Art in Agricultural Communities
Building a California Climate Art Trail
Quick Summary
- UC Davis Institute of the Environment is helping spread awareness of the climate crisis through art. You can help us expand a climate art trail growing throughout California's Central Valley. Email Jullianne Ballou at jballou@ucdavis.edu to learn more.
During the last decade, artists have increasingly turned toward addressing social and ecological issues linked to the climate crisis, including food access, melting glaciers, and deforestation. This work, often immediate and bold, packs an emotional punch that’s difficult to ignore – documenting a pressing reality and inspiring action. Environmental writer Bill McKibben has said future generations will look to the art we’re producing to understand what rising temperatures meant for our populations.

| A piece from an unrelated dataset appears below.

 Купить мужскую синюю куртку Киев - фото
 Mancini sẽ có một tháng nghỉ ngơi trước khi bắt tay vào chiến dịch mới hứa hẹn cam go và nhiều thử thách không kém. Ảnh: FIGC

Central Valley Artists Push for Climate Action
If you’re driving north on County Road 102 – Pole Line Road in Davis – you’ll see a series of signs abutting an almond orchard to your right with the messages: “Orchards capture carbon,” “What a climate bargain,” and “Race to net zero.” I saw the signs for the first time while I was driving home from work one afternoon prior to joining the Institute of the Environment last month as Associate Director of Strategic Initiatives. At the time, I was renting a farmhouse on the land that featured the signs — 80+ acres mostly planted with almond trees interspersed with cover crops: oats, bell beans, peas, canola, and mustard. The property owner (and my landlord), Mike Russell, had only told me that he was engaged in a project with UC Davis, and that an environmental design class would make occasional site visits to plan for a mural they were designing for the side of his nearby barn.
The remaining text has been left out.